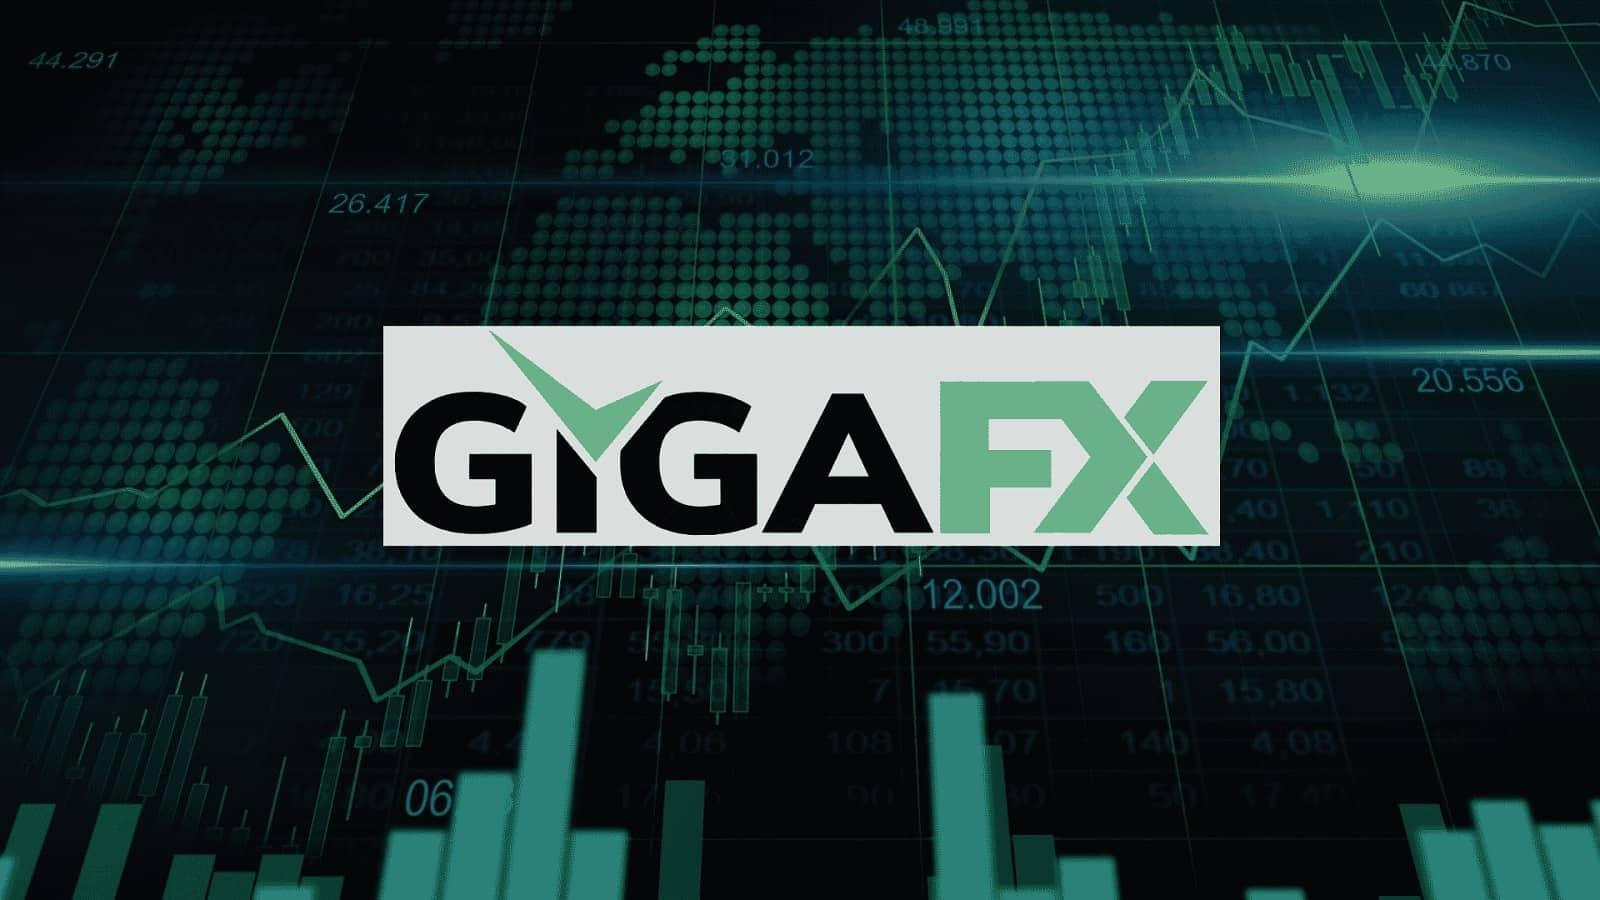 GigaFX- The best trading platform for beginners
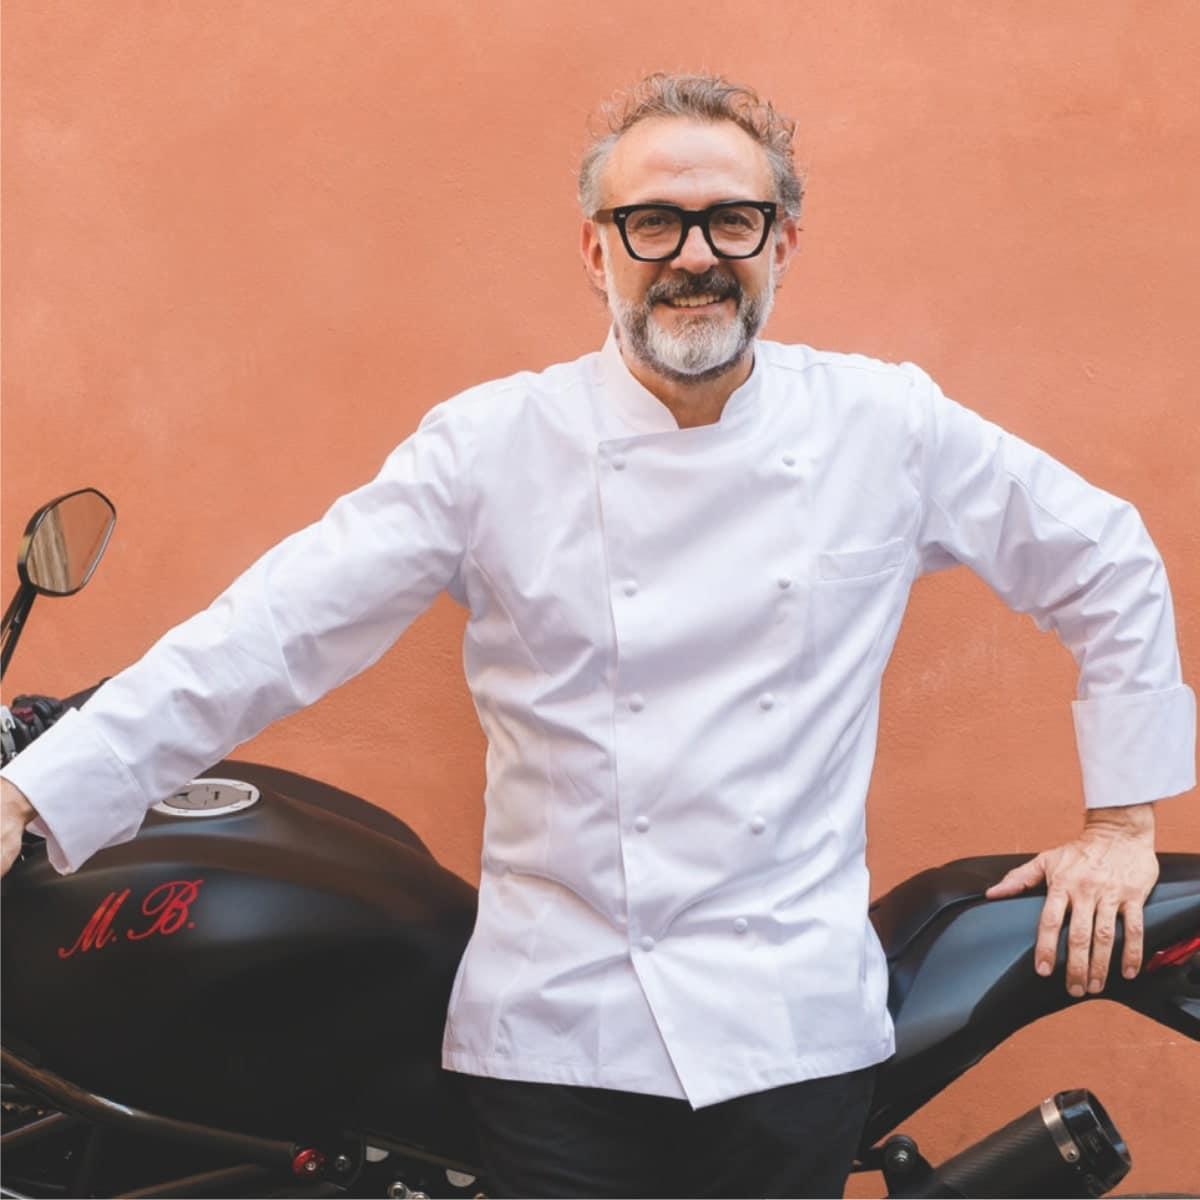 massimo-bottura-giacca-chef-bianca-offerta-online-min
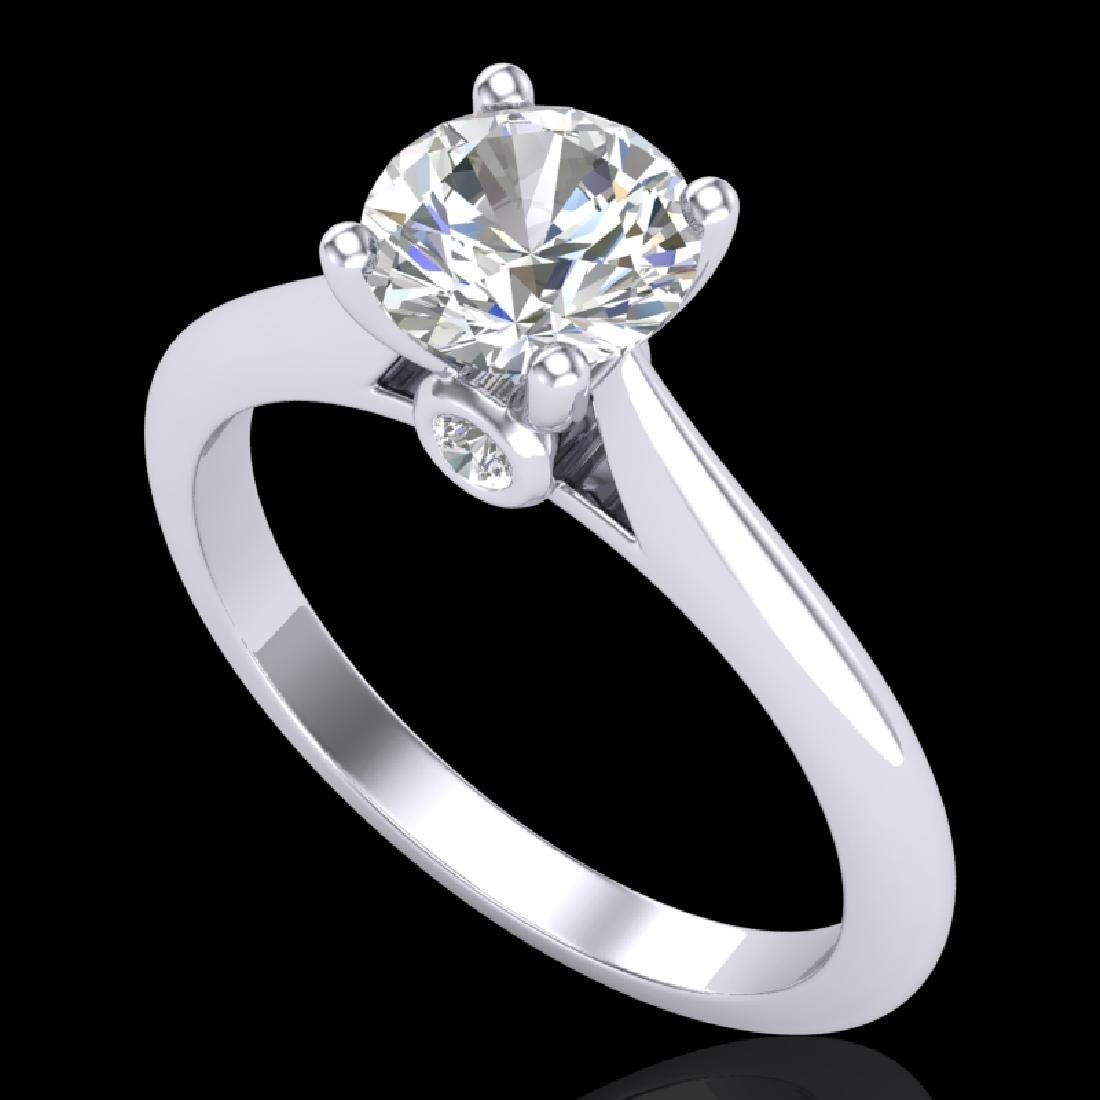 1.08 CTW VS/SI Diamond Solitaire Art Deco Ring 18K
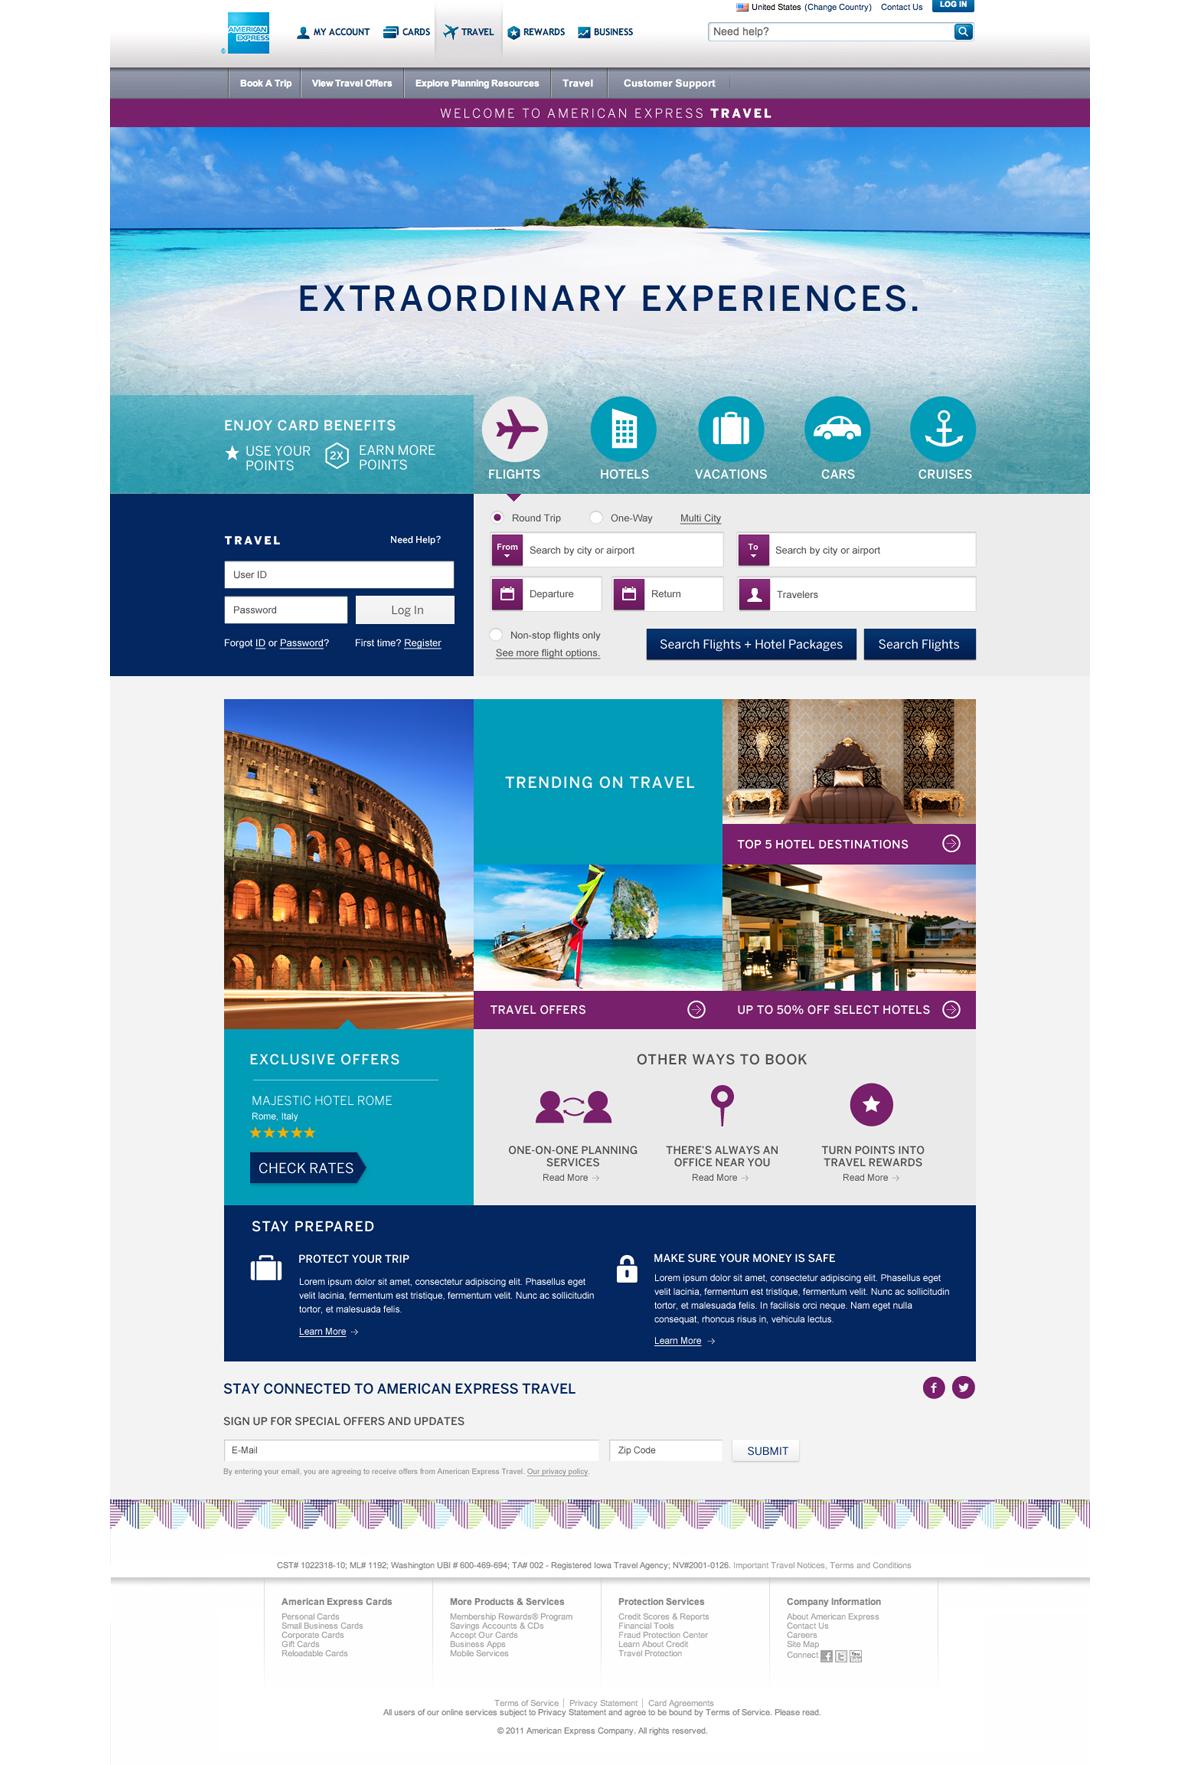 Explore Travel Akiko Design Explore Travel Travel Rewards Cruise Travel

### [INSTRUCTIONS FOR THE TASK]
What the task needs is the material above repeated exactly, pictures excepted.

### [YOUR RESPONSE]
 GigaFX- The best trading platform for beginners
 massimo-bottura-giacca-chef-bianca-offerta-online-min
 1.08 CTW VS/SI Diamond Solitaire Art Deco Ring 18K
 Explore Travel Akiko Design Explore Travel Travel Rewards Cruise Travel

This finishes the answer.